ウクライナ側が今回、クリンキ近辺とみられる場所でSu-34の飛行中隊を撃墜するのに使ったミサイルが何だったのかは、明らかになっていない。ただ、ウクライナ空軍が今月中旬、3基目の米国製パトリオット地対空ミサイルシステムをドイツから受け取ったばかりだったのは注目に値する。
今年5月13日、ウクライナ北部のパトリオットは、ウクライナと国境を接するロシア西部ブリャンスク州でロシア軍の戦闘爆撃機やヘリコプターなど計5機を数分のうちに相次いで撃墜している。搭乗員計11人も死亡した。22日の待ち伏せ攻撃もパトリオットによるものだったことは十分あり得る。いずれにせよ、ロシア軍とっては5月の連続撃墜に迫る大きな損害になった。

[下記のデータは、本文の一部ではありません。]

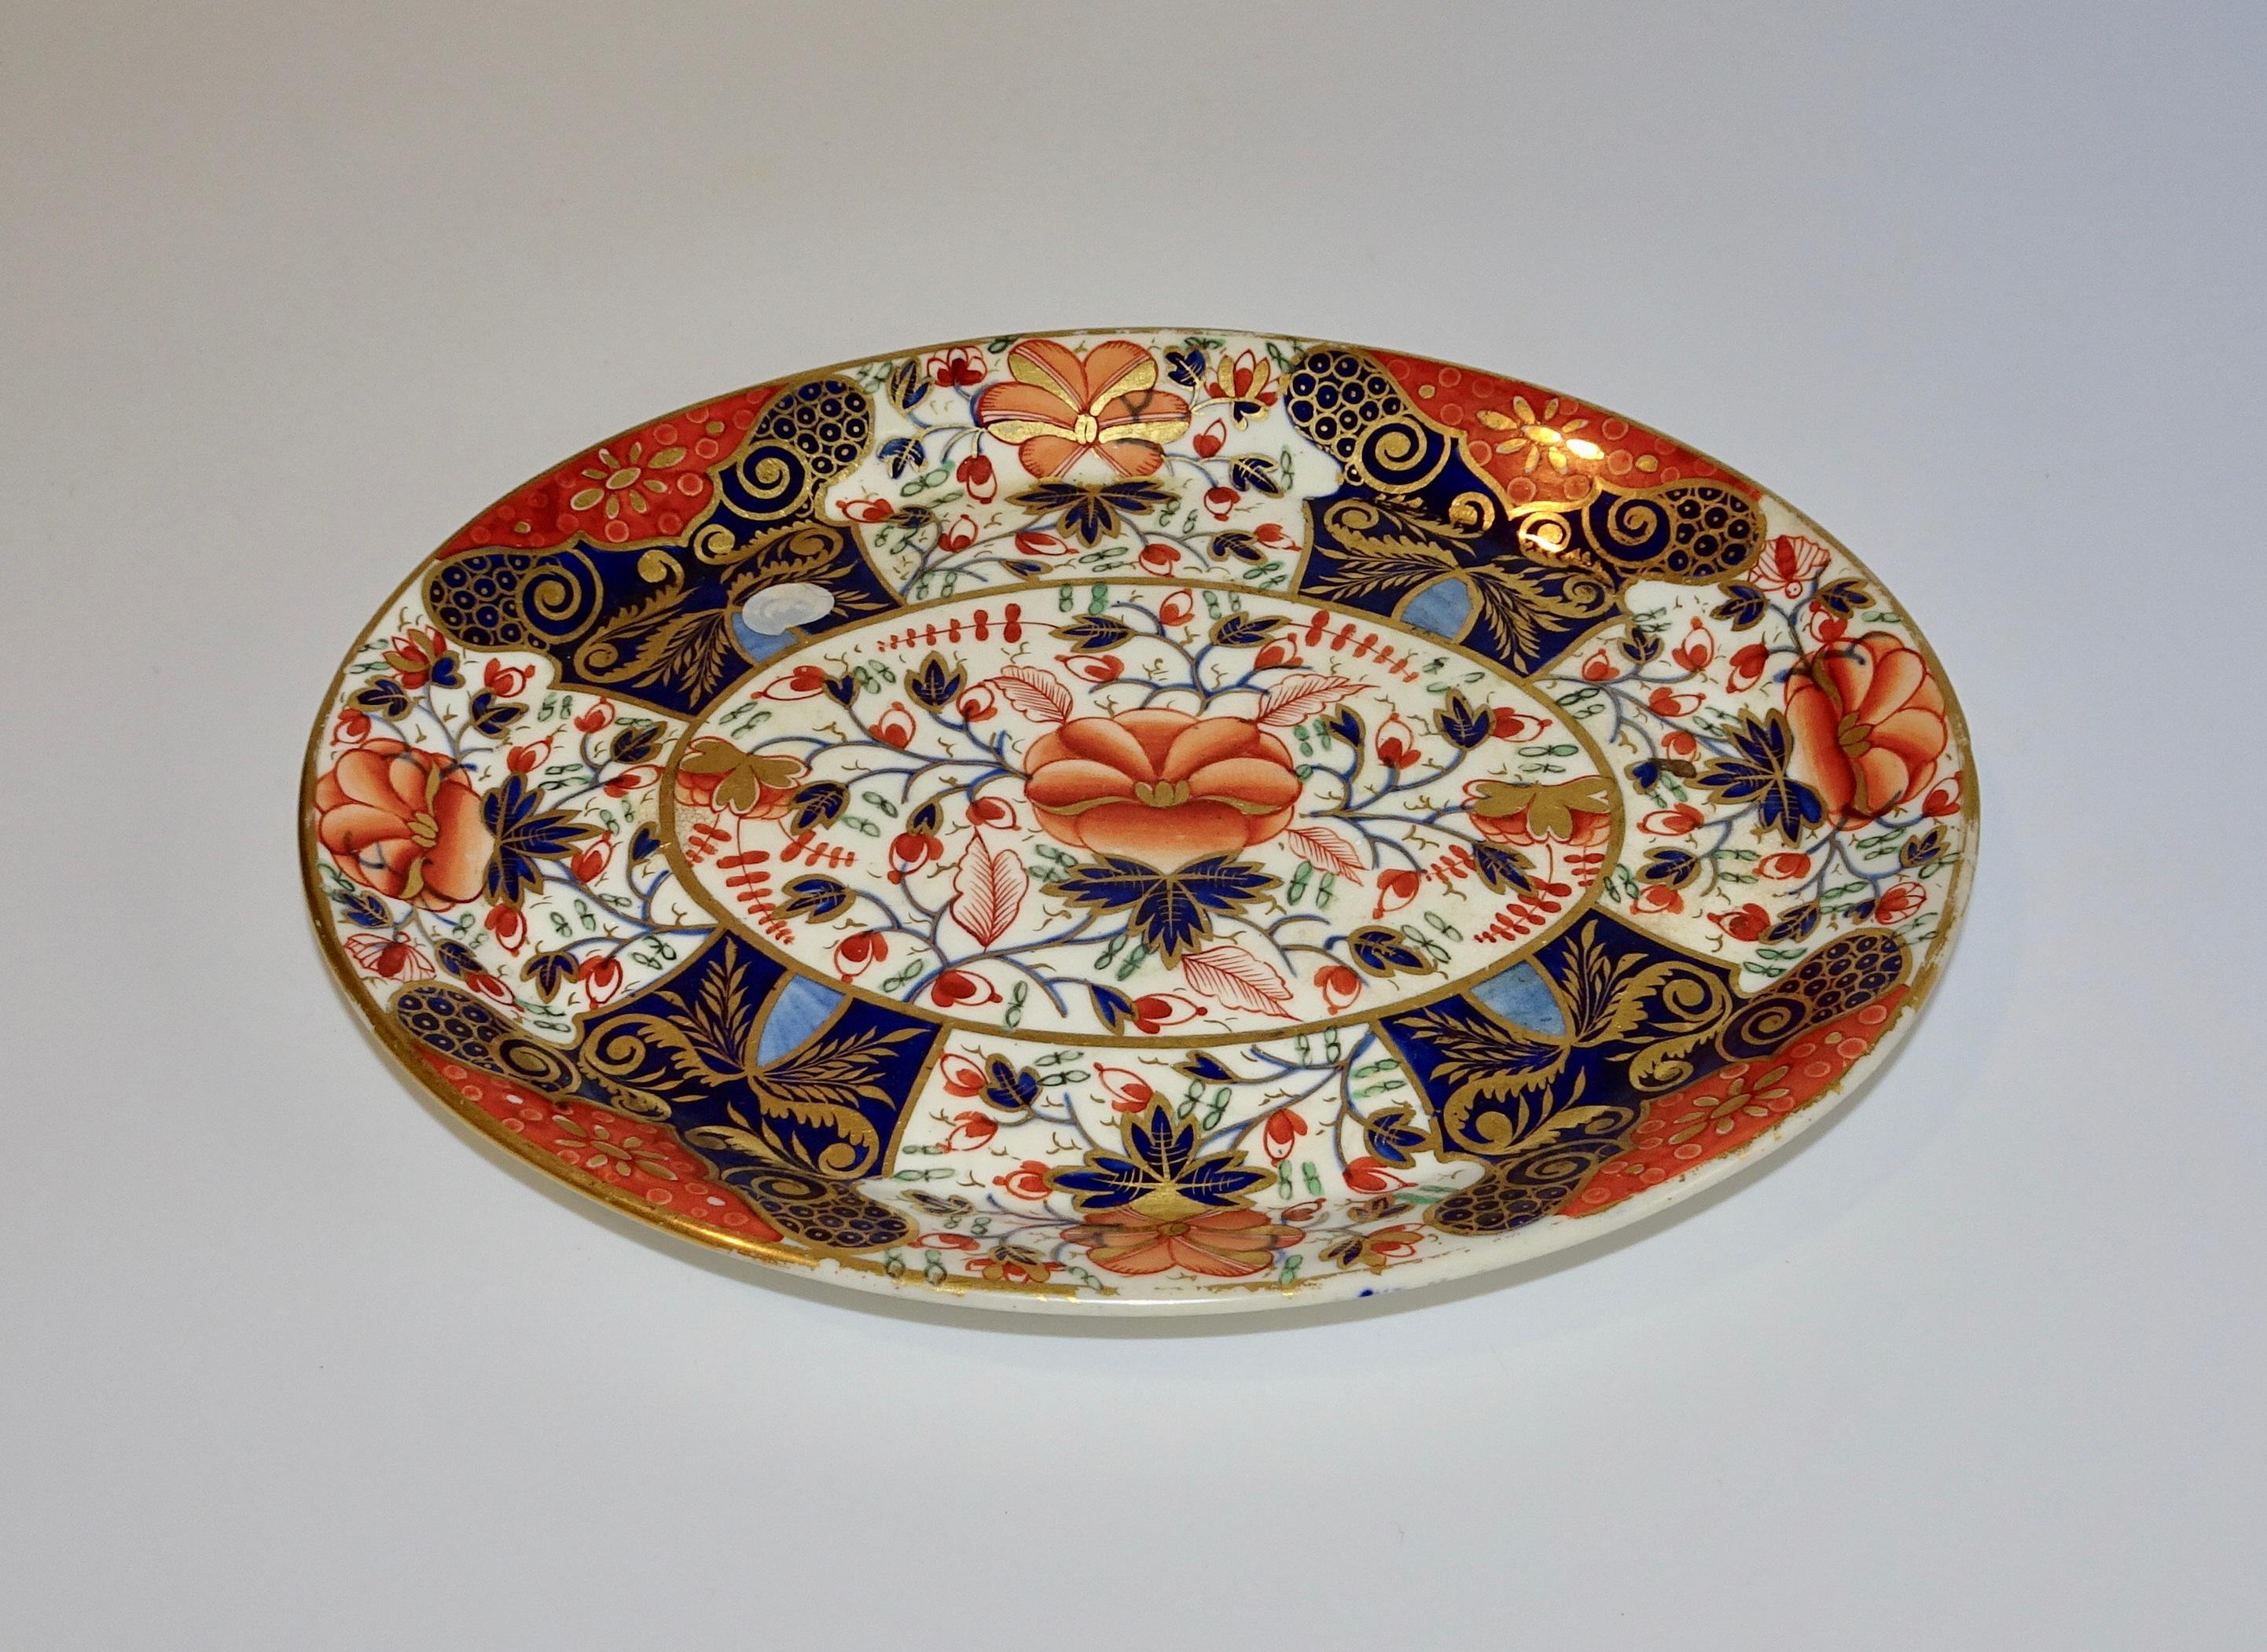 19th century Royal Crown Derby Porcelain Imari plate. The colors are blue, orange and gold.

ウクライナの戦争努力にとって最も望ましい結果は、ロシア空軍がクリンキを目標とした滑空爆弾攻撃の作戦規模を縮小せざるを得なくなることだ。ロシア軍の戦術の変更ひとつでも、橋頭堡に張りついているウクライナの海兵にとっては恩恵になり得る。
滑空爆弾は高高度から放つのが最も効果的だ。半面、高高度を飛行すると、ロシア軍の爆撃機はウクライナ軍の長射程の地対空ミサイル、つまりパトリオットやS-300にさらされる。
探知を避けるためにロシア軍機が低高度を飛行するようになれば、滑空爆弾の射程は短くなる。そのため、操縦士はクリンキにもっと近づいてから、上昇して滑空爆弾を投下せざるを得なくなるかもしれない。だが接近してきた爆撃機は、ウクライナ軍のより短い射程の防空システムにさらされることになる。
ロシア側は、対応したいのなら急いでやる必要があるだろう。ウクライナには間もなく、オランダからF-16戦闘機の第1陣18機が届くことになっており、クリンキ一帯のウクライナ側の防衛はさらに強固になると見込まれる。